Лев Лазаревич и Бор[ис] Моисеевич [168] оба покупали книги, которые покупал и я. Если эти мужи не подходят под строки Арбитра Петрония: «Дружба хранит свое имя, покуда в нас видится польза…» [169] и т. д., – то, может быть, кто-нибудь из них покупал бы книги и для меня. Труда это не составит никакого, стоимость книг будет, конечно, оплачиваться. (Проехали разъезд Карапузово.)
Меня волнует термодинамика (нрзб.), один том вышел и куплен мной, я боюсь пропустить остальные. Нужно мне выписать некоторые журналы, но это я посмотрю на месте.
Пришли мне, пожалуйста, записную книжку (портативную), несколько карточек с твоей рожицей и журналы с моими статьями.
Если
Пришли, пожалуйста, и мои две счетные линейки. Получила ли ты деньги за мои статьи в «Автотракторном деле» [172] или нужна доверенность, там должно быть около 100 р.
Если вышла статья в «Техн[ике] воздуш[ного] флота» (только вот я не совсем уверен, что журнал так называется), то там можно получить р[ублей] 250–300. Нужна ли доверенность?
Кроме того, я не получил денег в ДУКе [173] . Это очень далеко, если бы Л.Л. [174] согласился, я прислал бы доверенность на его имя – там тоже рублей сто или больше.
О финансовых делах пока не пишу, там будет видно. Как твои подруги?
Кланяйся им от меня.
Не было ли у тебя каких-нибудь неприятностей в связи с этим неудачным замужеством.
Хорошо бы у Мишеля (из Черкизова) достать наши карточки (может быть, ты напишешь ему открытку).
Меня беспокоит здоровье О.Э., она сильно похудела. Сейчас напишу ей письмо.

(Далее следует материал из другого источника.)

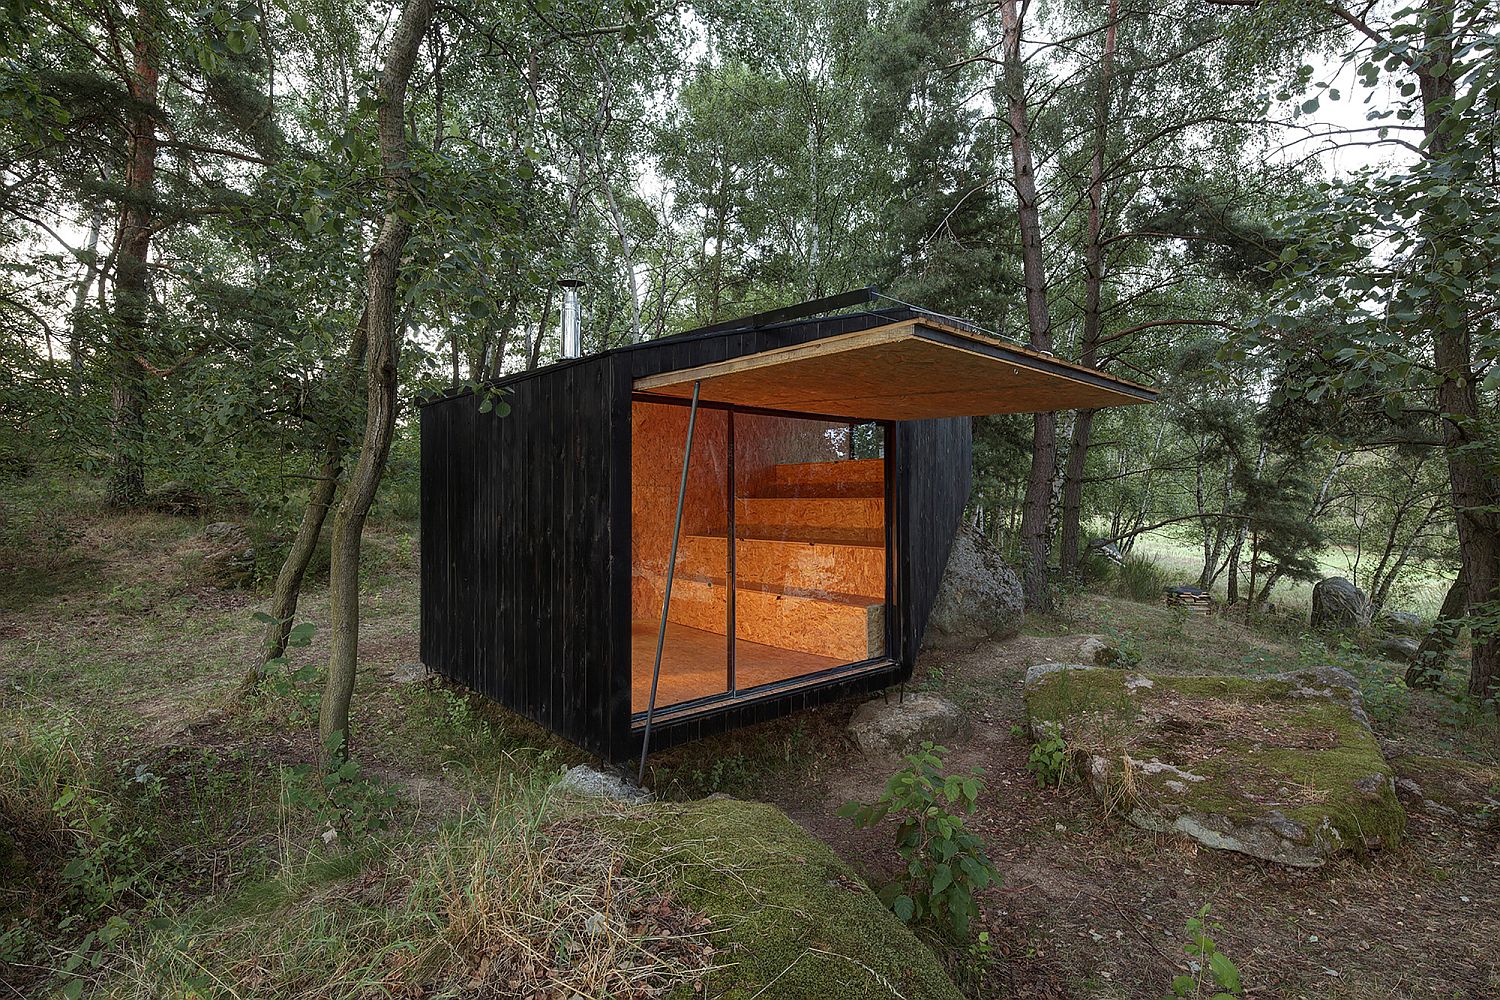 Opening up the cabin offers wonderful views of the woods outside
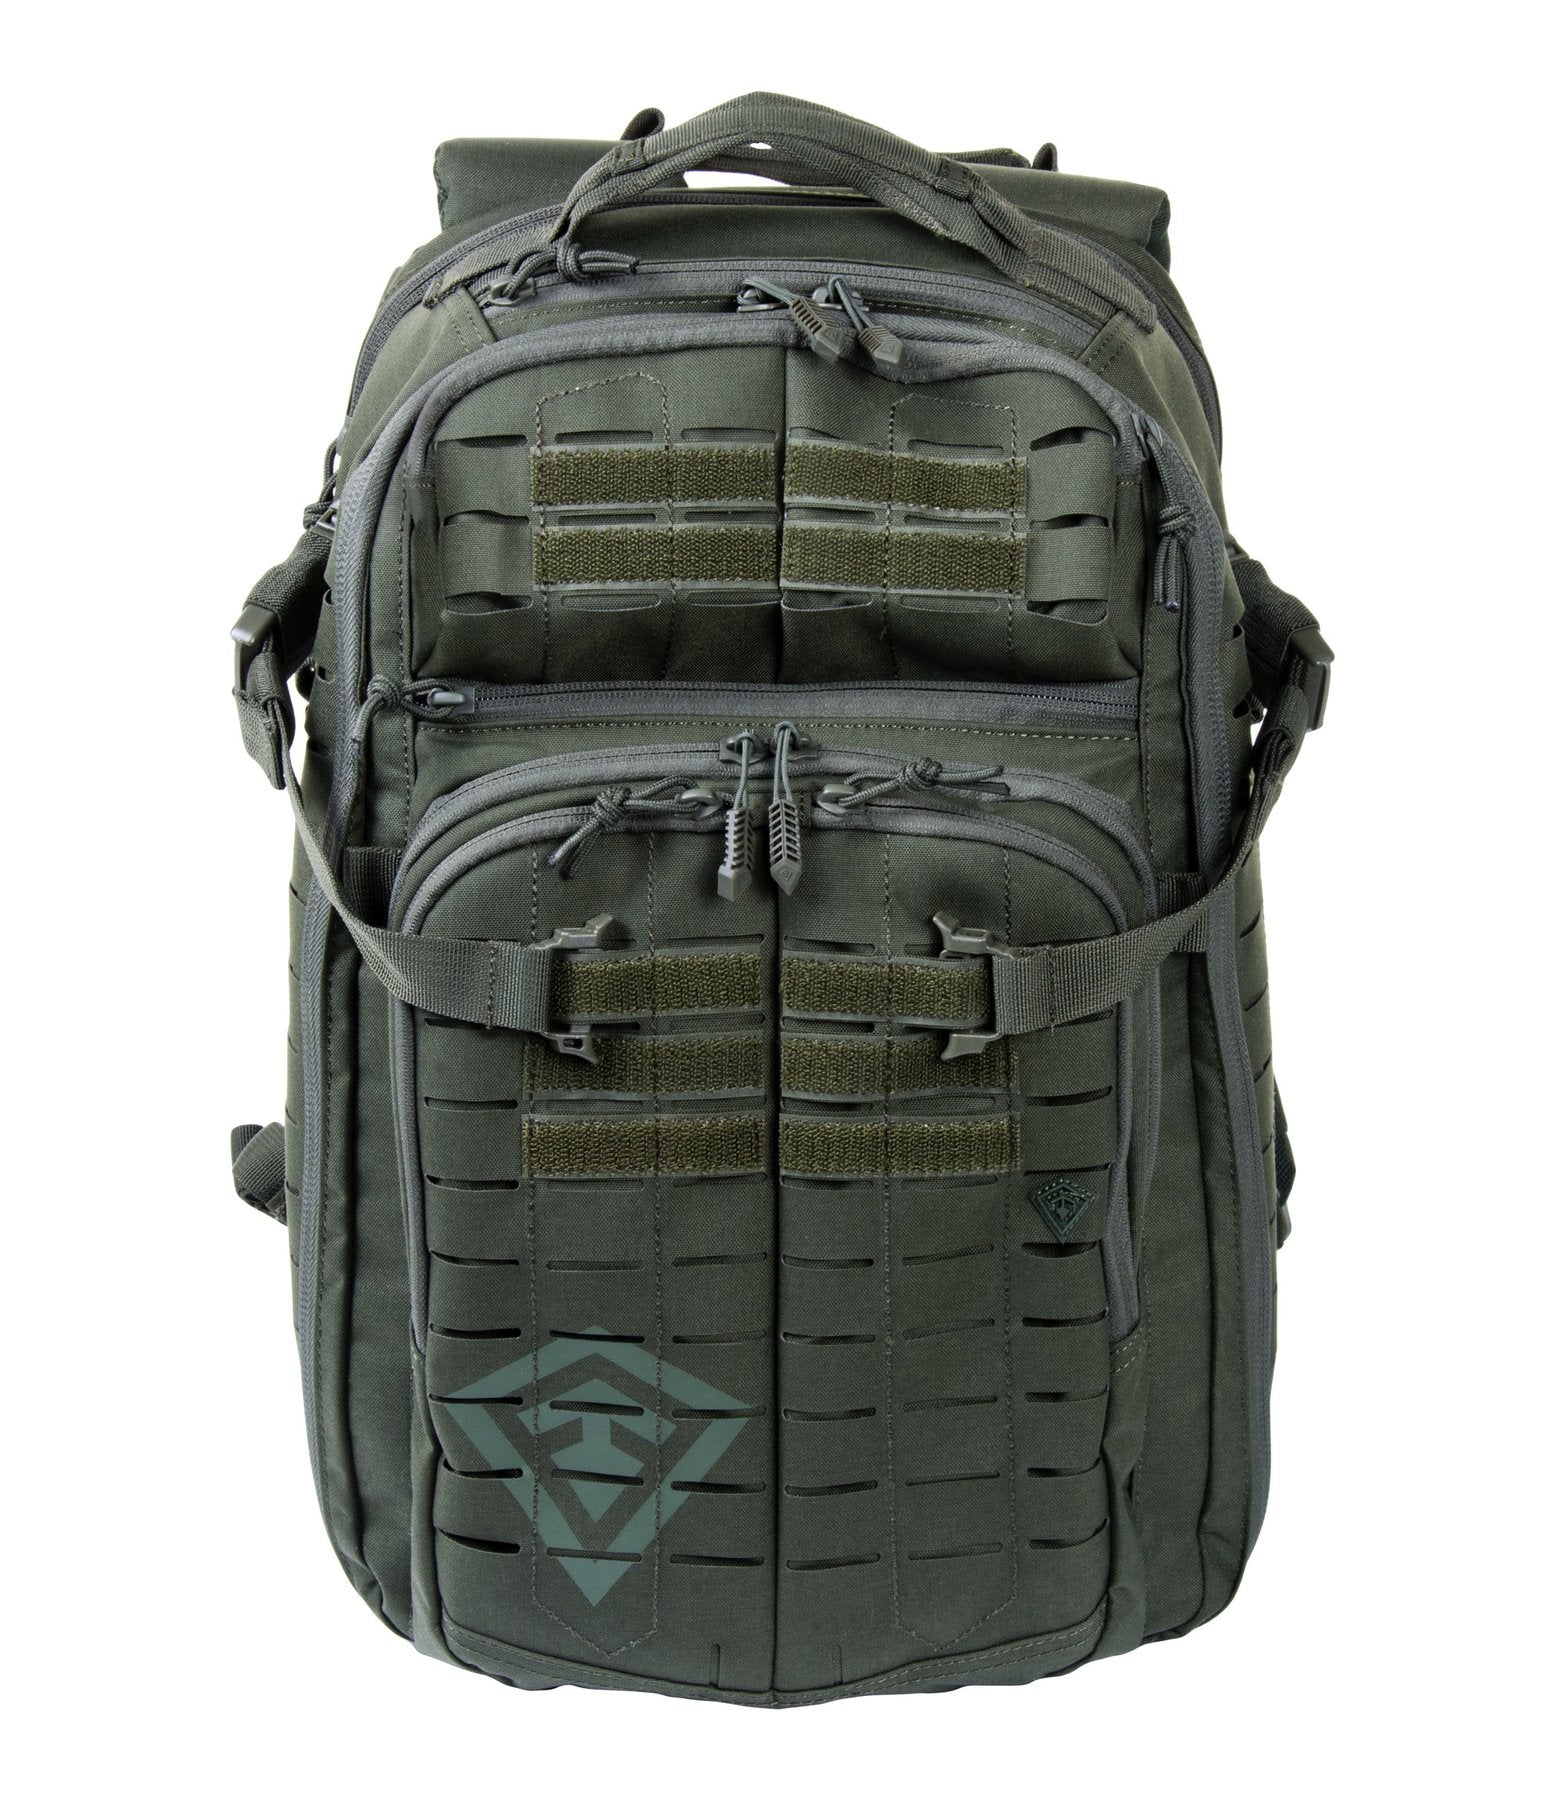 TACTIX Half-Day Plus Backpack (180036) Black, Coyote, OD Green

Напиши мне, пожалуйста, о ней.
За последние пять месяцев я пополнил свои знания по латыни. Например, я знаю, что тебя зовут – Argenteum Cilium.
Это звучит немного ботанически, но не бойся, я не собираюсь помещать тебя в гербарий.
Я знаю, кроме того, что quibuscumcue viis – значит любыми путями, что древние греки, накрыв свою жену с любовником, вставляли последнему (о боже!) в задний проход редьку (какое странное употребление корнеплодов!). Весь этот процесс по-гречески выражается одним словом, но я его забыл. О странной манере бритья у греческих женщин я Вас уже неоднократно оповещал.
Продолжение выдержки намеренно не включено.